Subject: Re: Why software patents are bad
From: Russell Nelson <nelson@crynwr.com>
Date: Fri, 17 Sep 1999 16:06:41 -0400 (EDT)

L. Peter Deutsch writes:
 > > I presume that open source software is good for society -- better than
 > > closed source software.  If I'm right, then software patents are bad
 > > for society, because it's easier to find patent infringements when the
 > > source code is available.
 > 
 > I don't think this line of reasoning holds up at all.  Consider: "I presume
 > that companies whose employment conditions are out in the open are better
 > for society than companies who hide their employment conditions.  If I'm
 > right, then worker protection laws are bad for society, because it's easier
 > to find violations of them when the company isn't hiding their employment
 > conditions."

Different reason entirely for the different laws.  Patents prevent a
public goods problem.  Once someone creates an idea, absent a law,
they cannot capture enough of the benefit to recover their investment
in creating the idea.  Or at least that's the theory.  A worker
protection law decreases the risk borne by an employee, so the
employer can pay them less, or work them harder ("I'm not paying
workman's compensation for you to work carefully!" -- a real quote).

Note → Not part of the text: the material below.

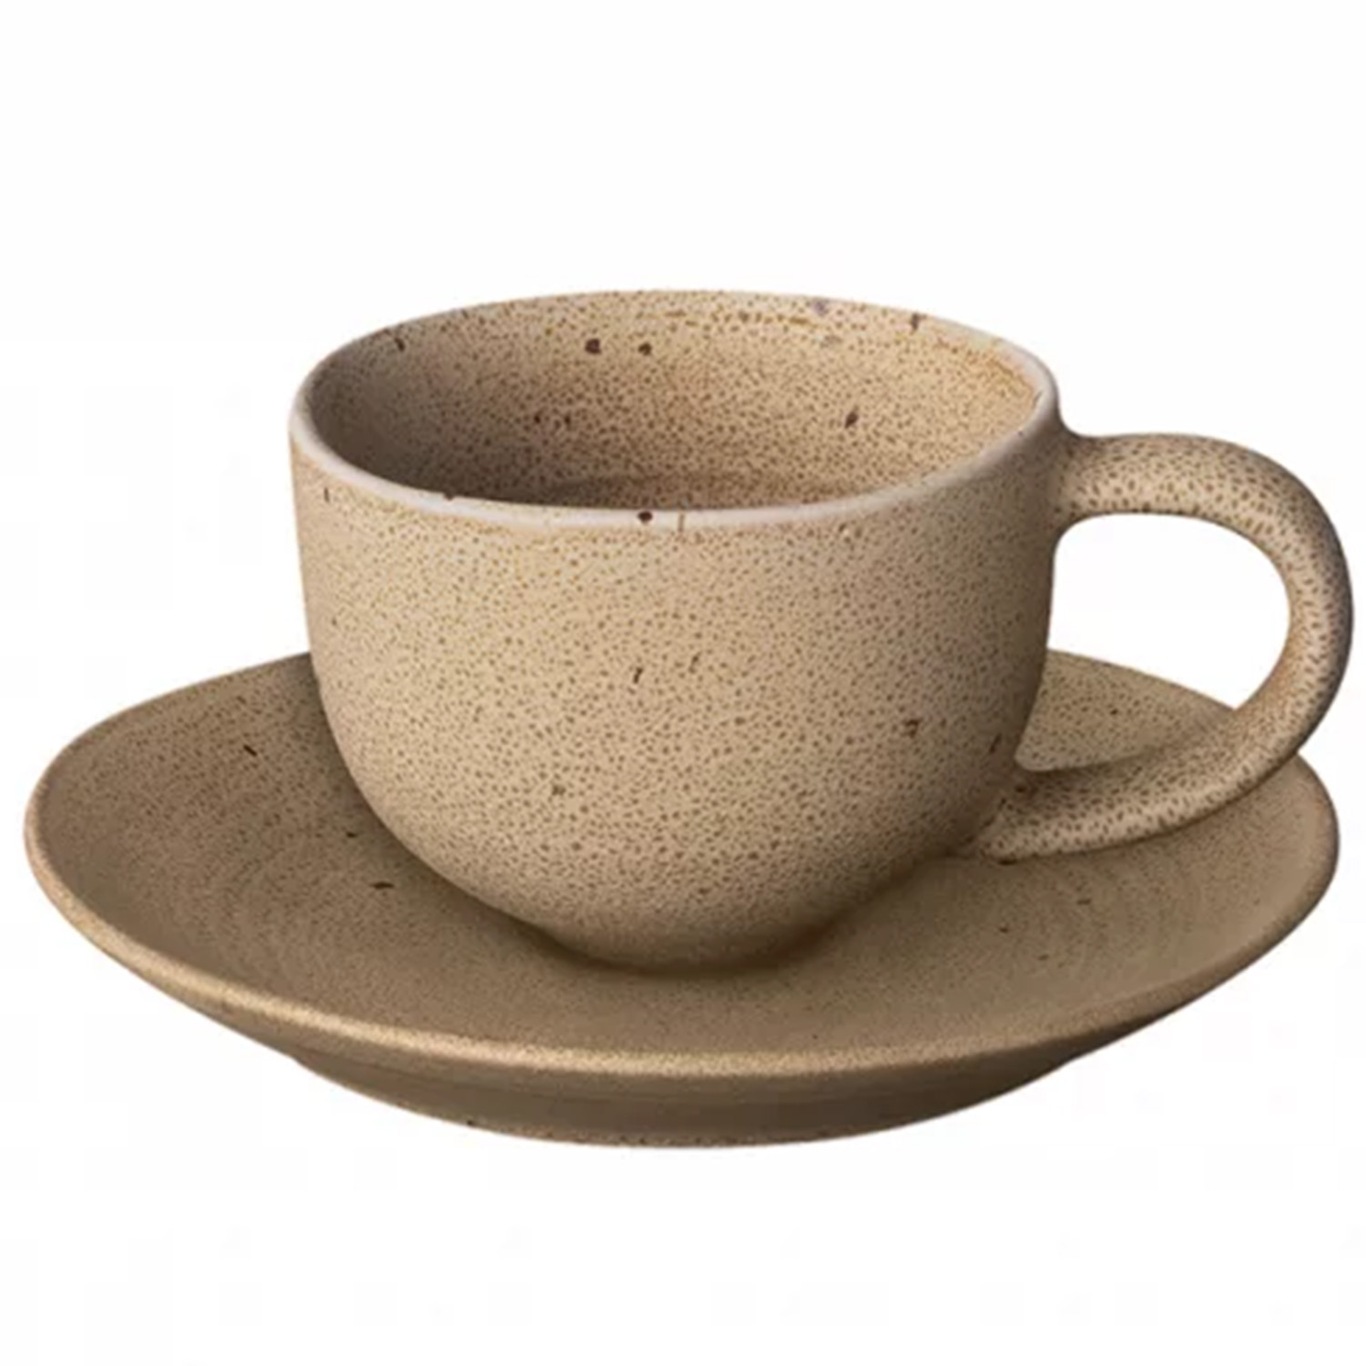 KUMI Espresso Cup With Saucer 2-pack, Fungi

Workers are sentient, code is not -- not yet anyway ("Help, help, I'm
being held prisoner in a proprietary program!").  Patents exist to
protect ownership rights over property.  People don't need worker
protection laws because they're not property.  In the general case, if
you force one term of a relationship constant, you just cause other
terms to change to values which are not to either party's choosing.